WHAT NEEDS TO BE DONE: What is needed here is an exact repetition of the records below, beginning at the line that has "Spider-Man photo secrète" and stopping after the line that has "DIY Blue Knitting".

──────────

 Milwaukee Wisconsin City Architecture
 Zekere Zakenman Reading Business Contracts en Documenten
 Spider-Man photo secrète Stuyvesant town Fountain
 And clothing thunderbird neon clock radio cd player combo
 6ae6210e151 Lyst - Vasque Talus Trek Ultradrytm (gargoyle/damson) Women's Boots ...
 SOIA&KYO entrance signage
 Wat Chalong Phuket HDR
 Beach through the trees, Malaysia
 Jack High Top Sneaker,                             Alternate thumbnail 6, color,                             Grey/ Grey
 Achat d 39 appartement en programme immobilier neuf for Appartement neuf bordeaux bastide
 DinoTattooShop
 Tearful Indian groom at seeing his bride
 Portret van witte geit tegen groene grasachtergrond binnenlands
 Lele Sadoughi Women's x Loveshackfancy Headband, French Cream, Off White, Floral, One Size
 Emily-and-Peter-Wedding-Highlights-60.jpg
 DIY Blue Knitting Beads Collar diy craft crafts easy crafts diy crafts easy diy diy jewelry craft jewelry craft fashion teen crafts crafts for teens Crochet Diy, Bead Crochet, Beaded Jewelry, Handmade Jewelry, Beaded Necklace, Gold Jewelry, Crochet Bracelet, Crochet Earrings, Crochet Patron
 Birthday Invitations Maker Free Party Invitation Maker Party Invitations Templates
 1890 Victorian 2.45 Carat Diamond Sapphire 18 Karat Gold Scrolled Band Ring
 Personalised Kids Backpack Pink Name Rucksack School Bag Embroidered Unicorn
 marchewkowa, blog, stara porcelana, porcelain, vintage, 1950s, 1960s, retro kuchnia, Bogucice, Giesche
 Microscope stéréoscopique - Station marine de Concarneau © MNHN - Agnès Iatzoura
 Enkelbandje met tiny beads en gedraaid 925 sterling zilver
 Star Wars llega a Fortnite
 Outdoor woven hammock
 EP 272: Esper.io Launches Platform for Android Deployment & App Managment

──────────

RESULT:
 Spider-Man photo secrète Stuyvesant town Fountain
 And clothing thunderbird neon clock radio cd player combo
 6ae6210e151 Lyst - Vasque Talus Trek Ultradrytm (gargoyle/damson) Women's Boots ...
 SOIA&KYO entrance signage
 Wat Chalong Phuket HDR
 Beach through the trees, Malaysia
 Jack High Top Sneaker,                             Alternate thumbnail 6, color,                             Grey/ Grey
 Achat d 39 appartement en programme immobilier neuf for Appartement neuf bordeaux bastide
 DinoTattooShop
 Tearful Indian groom at seeing his bride
 Portret van witte geit tegen groene grasachtergrond binnenlands
 Lele Sadoughi Women's x Loveshackfancy Headband, French Cream, Off White, Floral, One Size
 Emily-and-Peter-Wedding-Highlights-60.jpg
 DIY Blue Knitting Beads Collar diy craft crafts easy crafts diy crafts easy diy diy jewelry craft jewelry craft fashion teen crafts crafts for teens Crochet Diy, Bead Crochet, Beaded Jewelry, Handmade Jewelry, Beaded Necklace, Gold Jewelry, Crochet Bracelet, Crochet Earrings, Crochet Patron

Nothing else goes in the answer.